- Opening Delimiter -

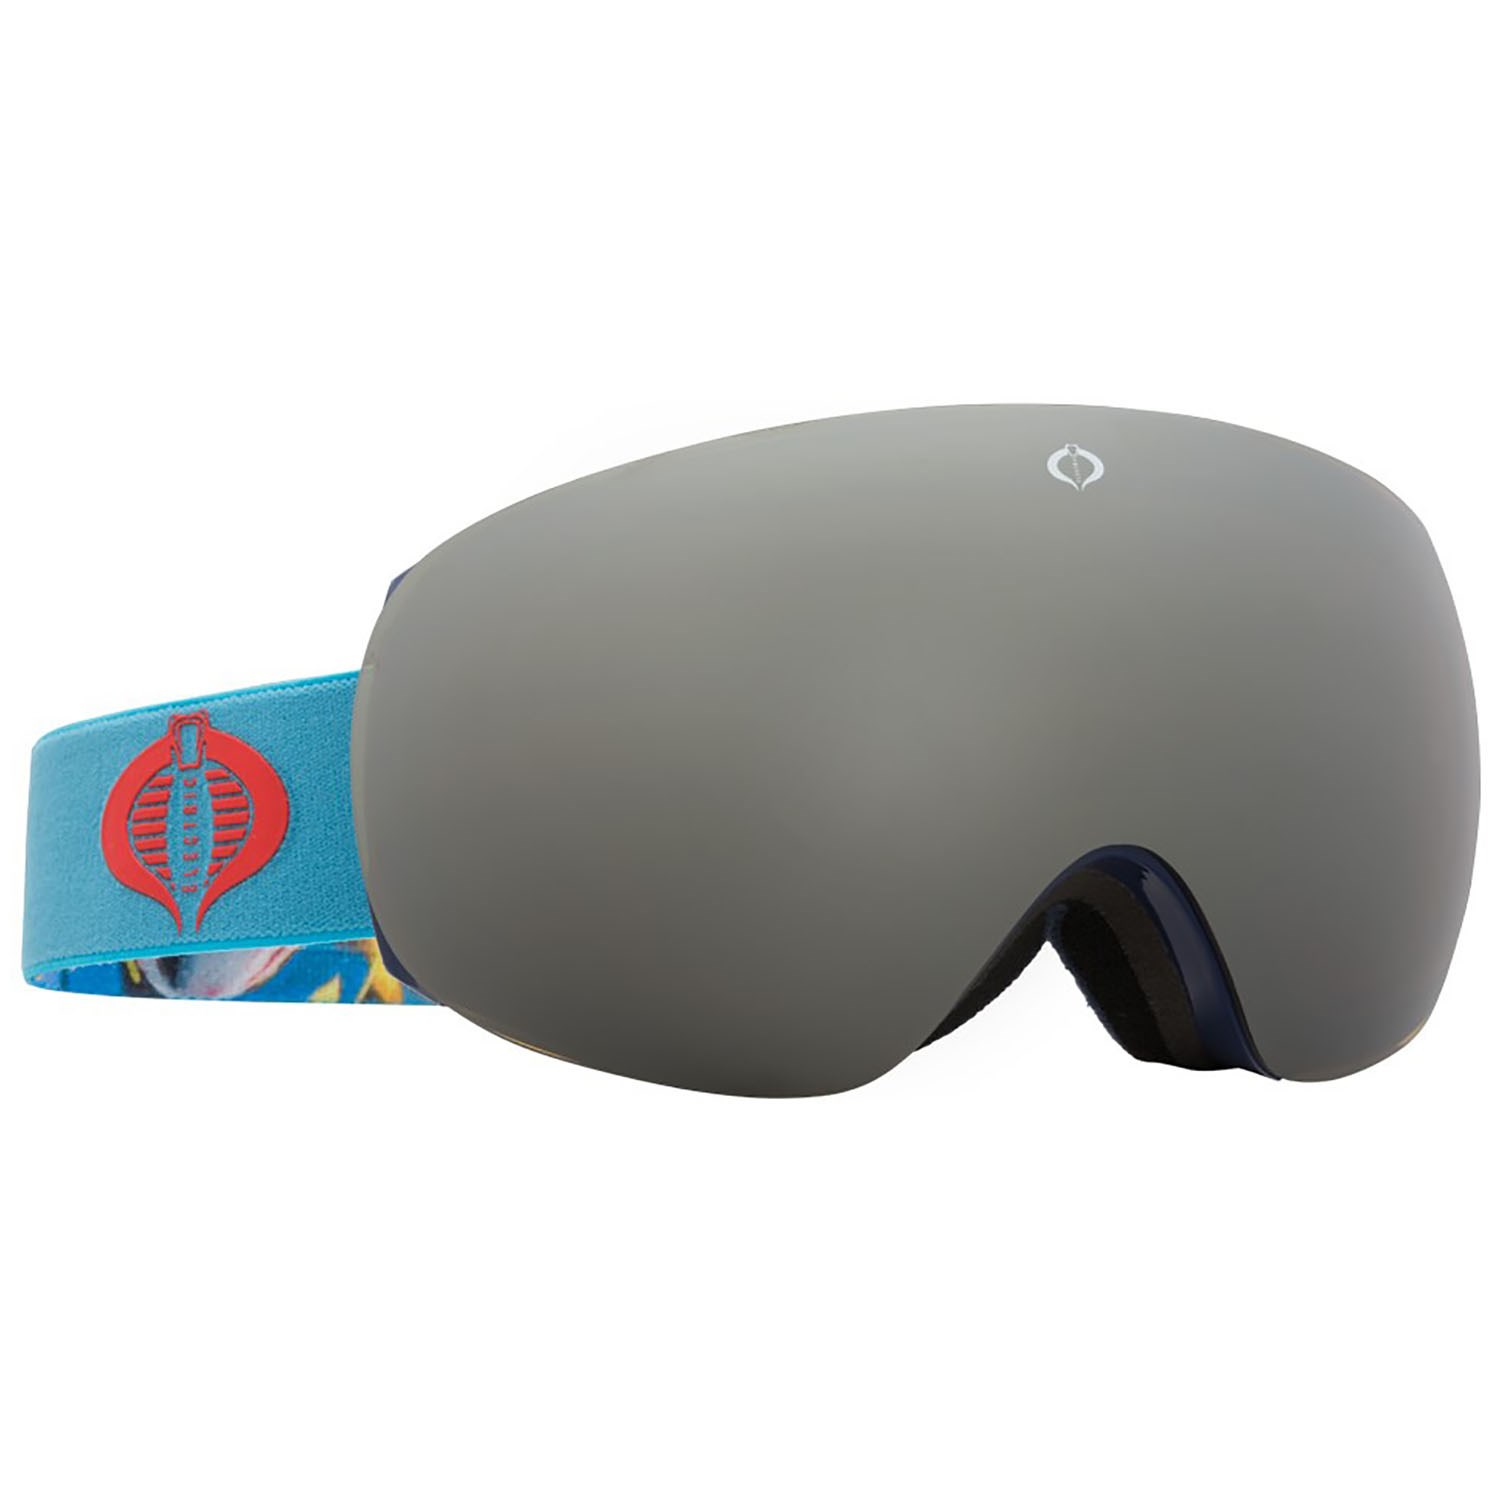 Camo Silver Chrome Lens New ELECTRIC EG.5s Snow Goggles 
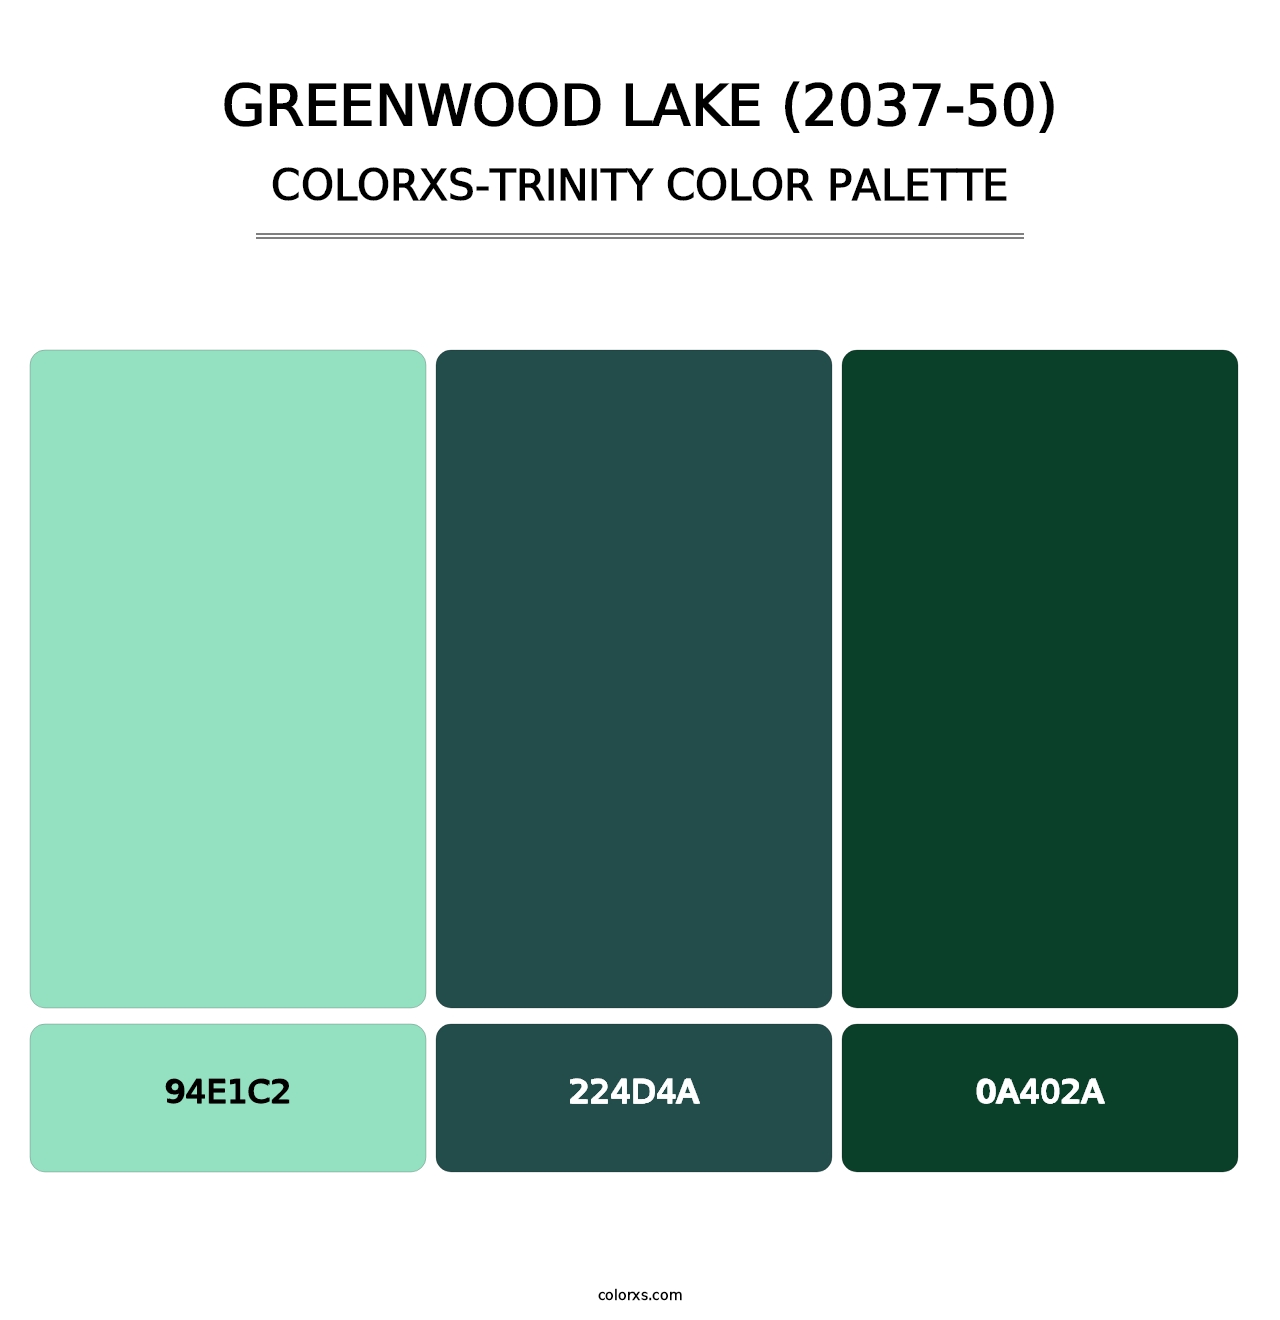 Greenwood Lake (2037-50) - Colorxs Trinity Palette
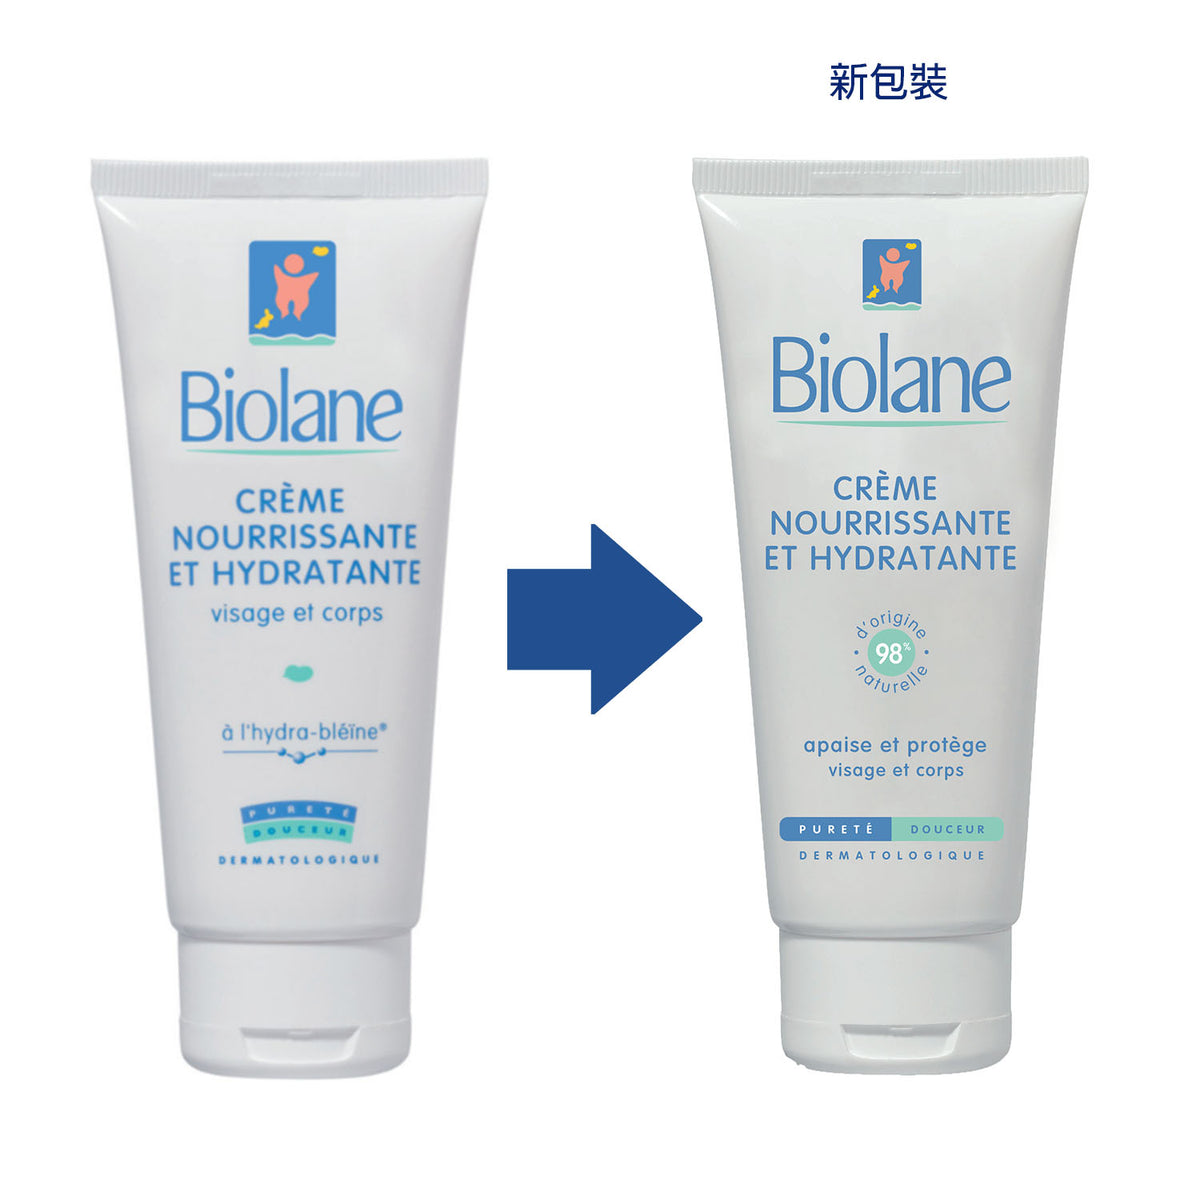 BIOLANE - Nourishing & Moisturizing Cream For Face & Body - 100ml

- Closing Delimiter -

Your task »
Could you set down the data exactly as given, minus its pictures?

Problem solution »
 Camo Silver Chrome Lens New ELECTRIC EG.5s Snow Goggles 
 Greenwood Lake (2037-50) - Colorxs Trinity Palette
 BIOLANE - Nourishing & Moisturizing Cream For Face & Body - 100ml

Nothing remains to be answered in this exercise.